# Is it really 9 days since anyone posted ?



## johnandjen1 (Apr 22, 2010)

or have I got the wrong settings for the ‘new’ layout? John


----------



## nhowarth (Dec 6, 2017)

The forum's been very quiet sine they implemented the new layout


----------



## Shotokan101 (Mar 29, 2019)

The fact that the sort order on the main page doesn't seem to work properly probably doesn't help......

Jim


----------



## David_&_Letitia (Jul 8, 2012)

I’m not a fan of the new layout. I believe the old adage of “if it isn’t broken, don’t fix it.”


----------



## Shotokan101 (Mar 29, 2019)

David_&_Letitia said:


> I’m not a fan of the new layout. I believe the old adage of “if it isn’t broken, don’t fix it.”

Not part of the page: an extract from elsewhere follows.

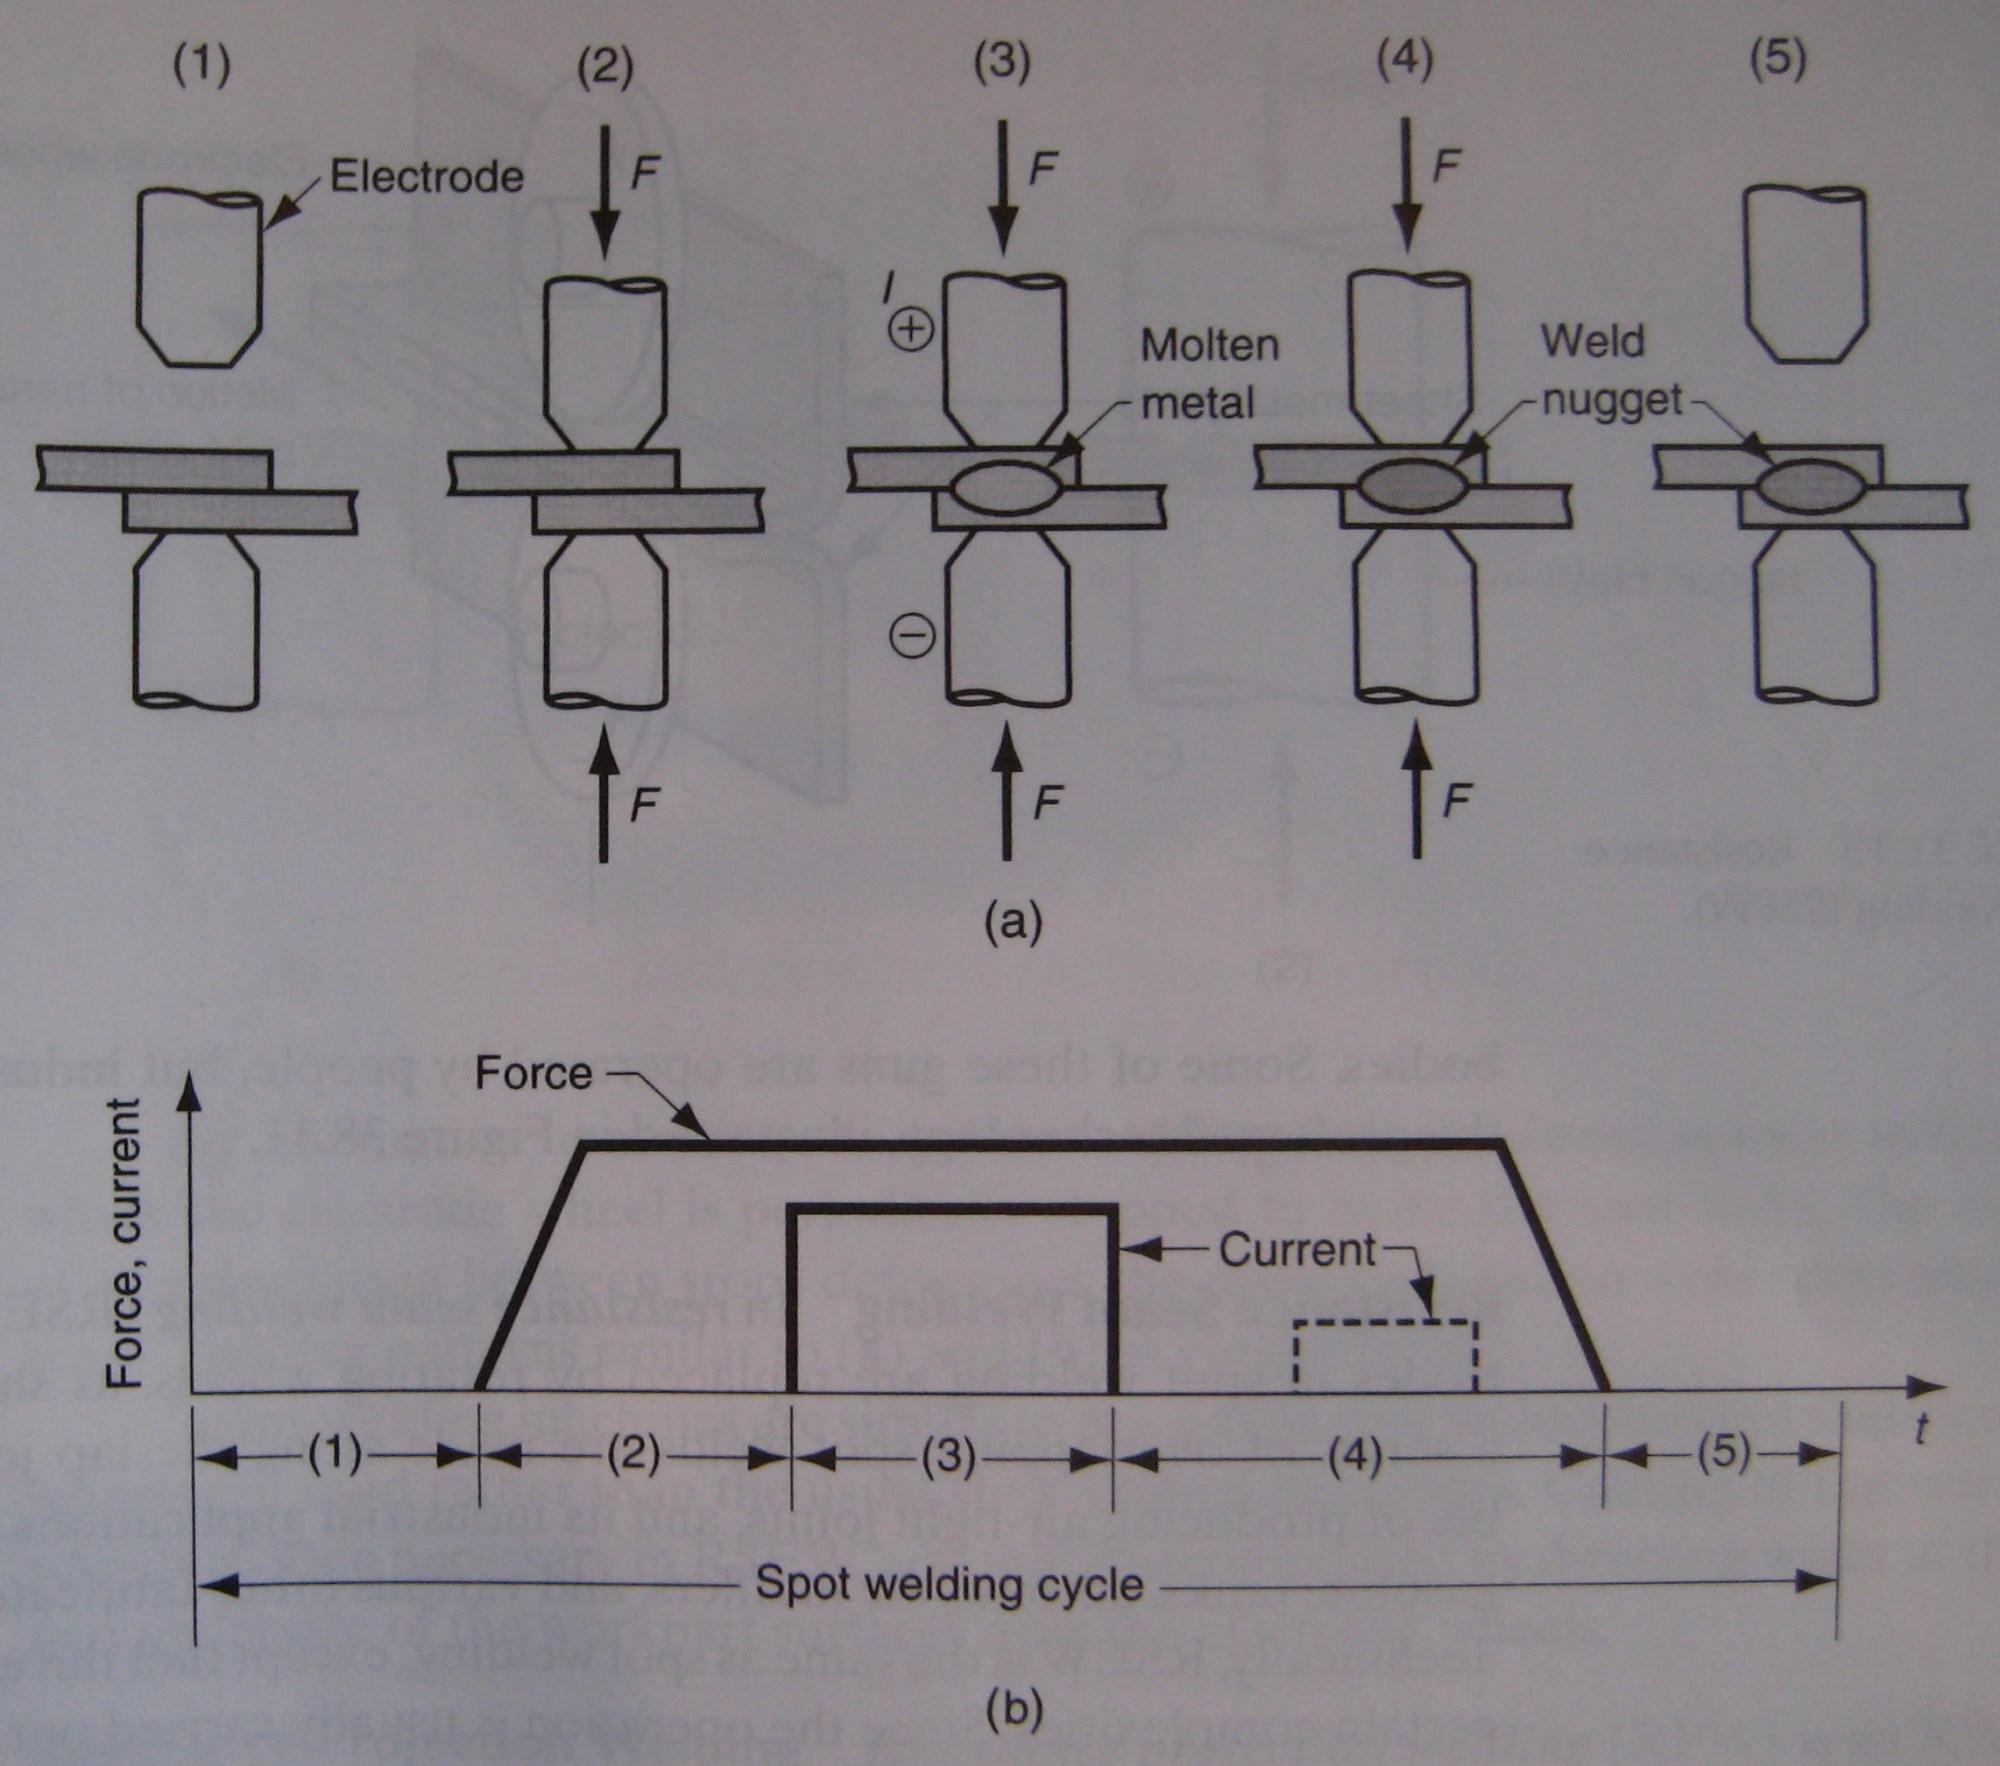 hight resolution of resistance spot welding
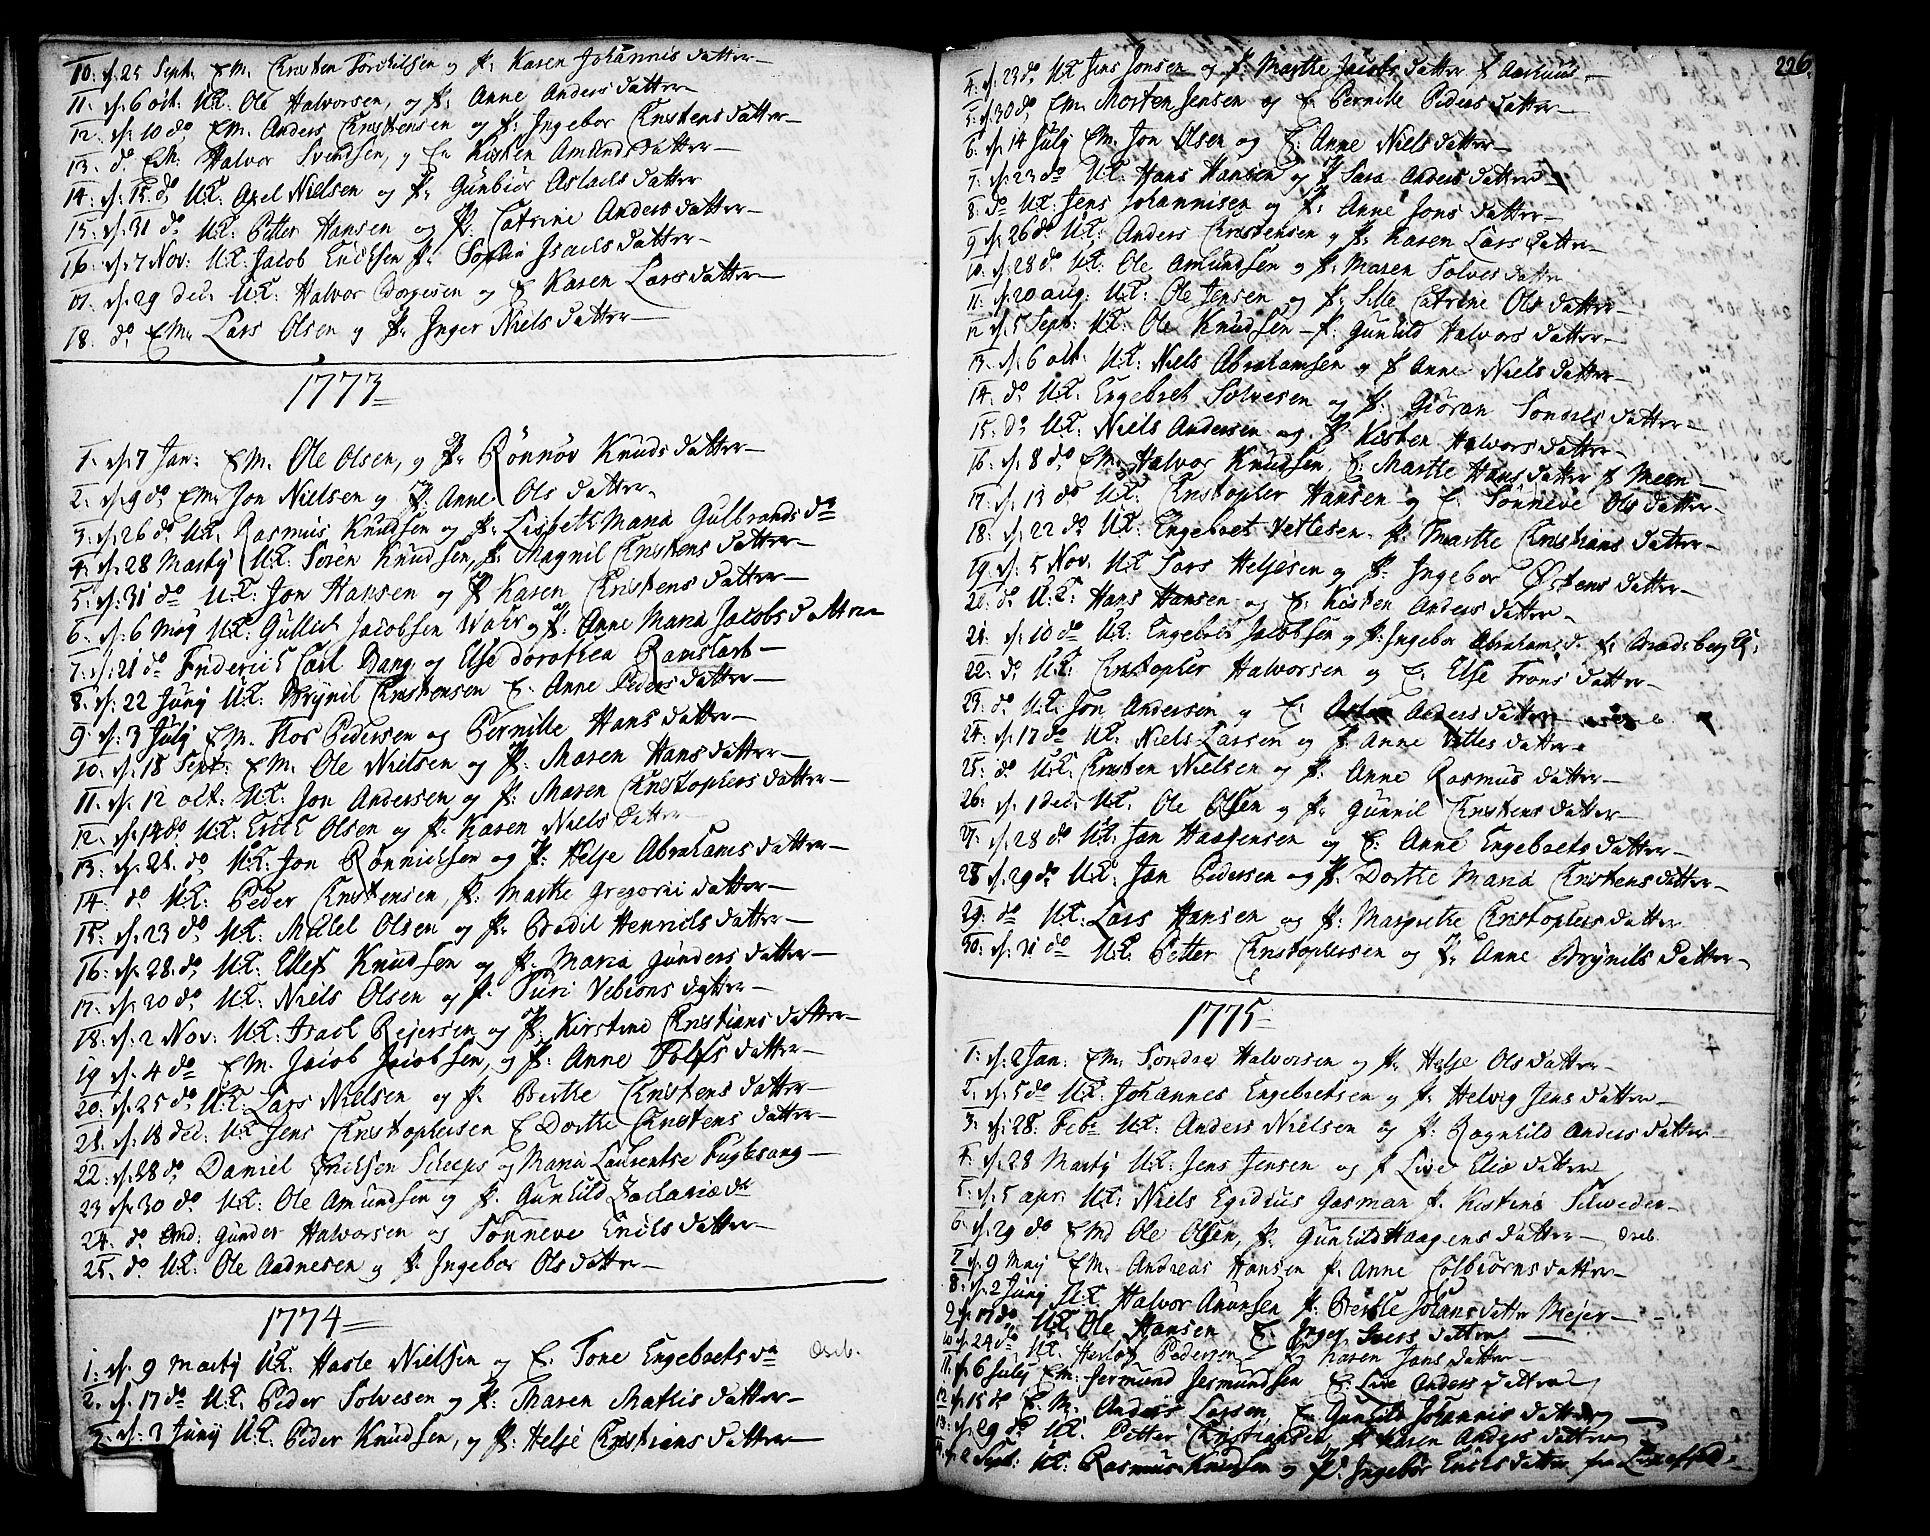 SAKO, Gjerpen kirkebøker, F/Fa/L0002: Ministerialbok nr. 2, 1747-1795, s. 226

It was extremely "dated" - but the new look is horrendous


----------



## haymarket (May 23, 2010)

Don’t like this I can’t navigate this new layout.


----------



## Veronica (Apr 5, 2008)

This new layout is certainly having a negative impact on the number of posts.


----------



## Shotokan101 (Mar 29, 2019)

Veronica said:


> This new layout is certainly having a negative impact on the number of posts.


Presume this is across all areas and countries Veronica?

Jim


----------



## aj2703 (Apr 21, 2012)

I think it's ok. You lot are just too set in your ways. You'll adjust in time and get used to it.


----------